The Evening Post (8 February 1865 – 6 July 2002) was an afternoon metropolitan daily newspaper based in Wellington, New Zealand. It was founded in 1865 by Dublin-born printer, newspaper manager and leader-writer Henry Blundell, who brought his large family to New Zealand in 1863.

With his partner from what proved to be a false-start at Havelock, David Curle, who left the partnership that July, Henry and his three sons printed with a hand-operated press and distributed Wellington's first daily newspaper, The Evening Post, on 8 February 1865. Operating from 1894 as Blundell Bros Limited, his sons and their descendants continued the very successful business which dominated its circulation area.

While The Evening Post was remarkable in not suffering the rapid circulation decline of evening newspapers elsewhere it was decided in 1972 to merge ownership with that of the never-as-successful politically conservative morning paper, The Dominion, which belonged to listed Wellington Publishing Company Limited, within a new holding company — Independent Newspapers Limited.

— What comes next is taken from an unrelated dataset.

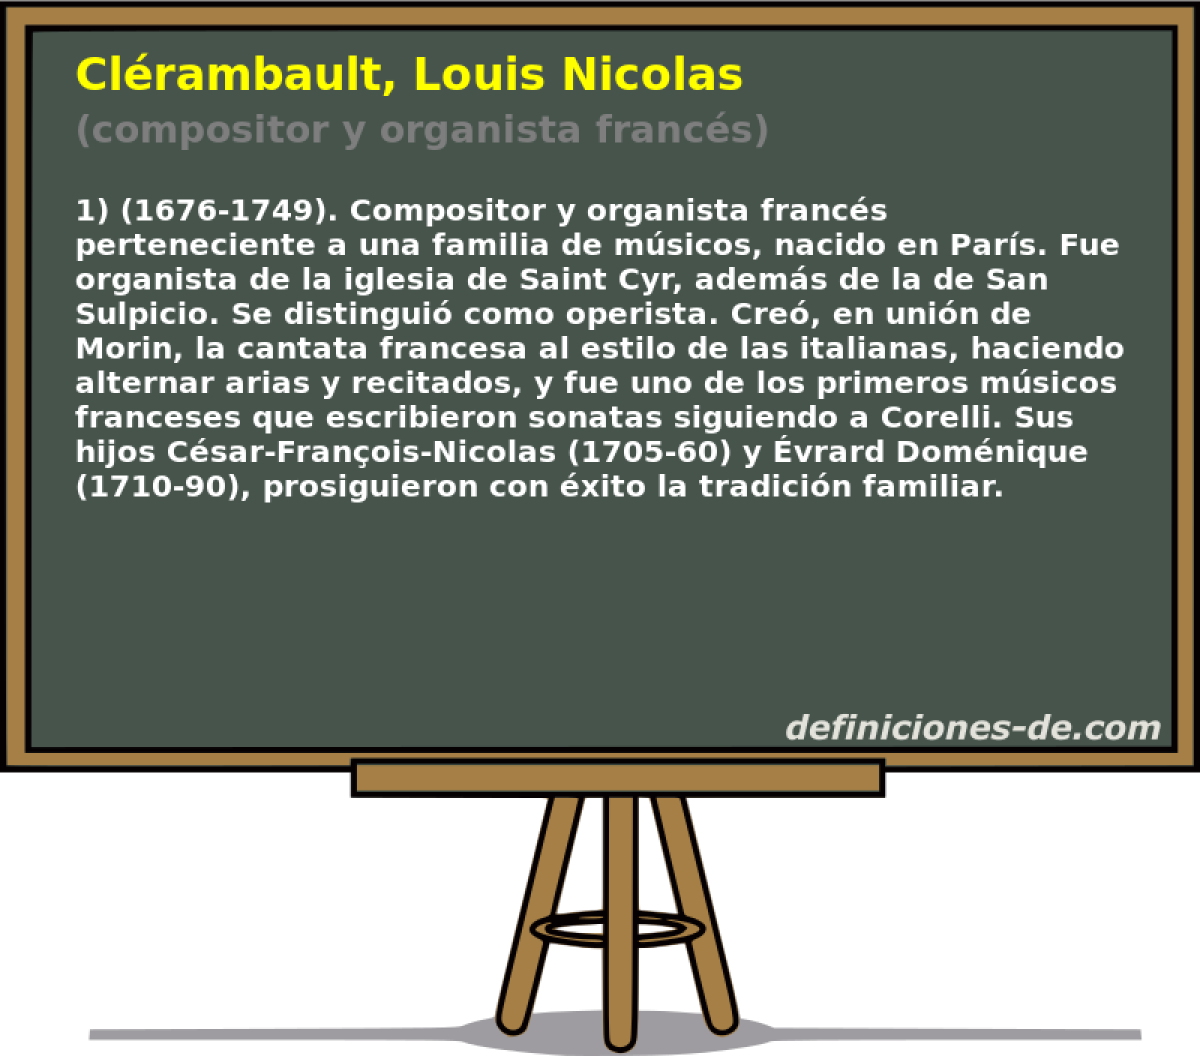 Clrambault, Louis Nicolas (compositor y organista francs)

Wellington Publishing Company Limited was, in 1964, one of the first parts of Rupert Murdoch's international empire, later News Corporation.

The last Post
The Evening Posts last publication was on the afternoon of 6 July 2002 and the next day the morning-published sister-publication, The Dominion, displayed its new name—The Dominion Post.

At the end of June 2003, Murdoch's publishing business was sold to Australia-based Fairfax and the proceeds invested in New Zealand's Sky Network Television Limited.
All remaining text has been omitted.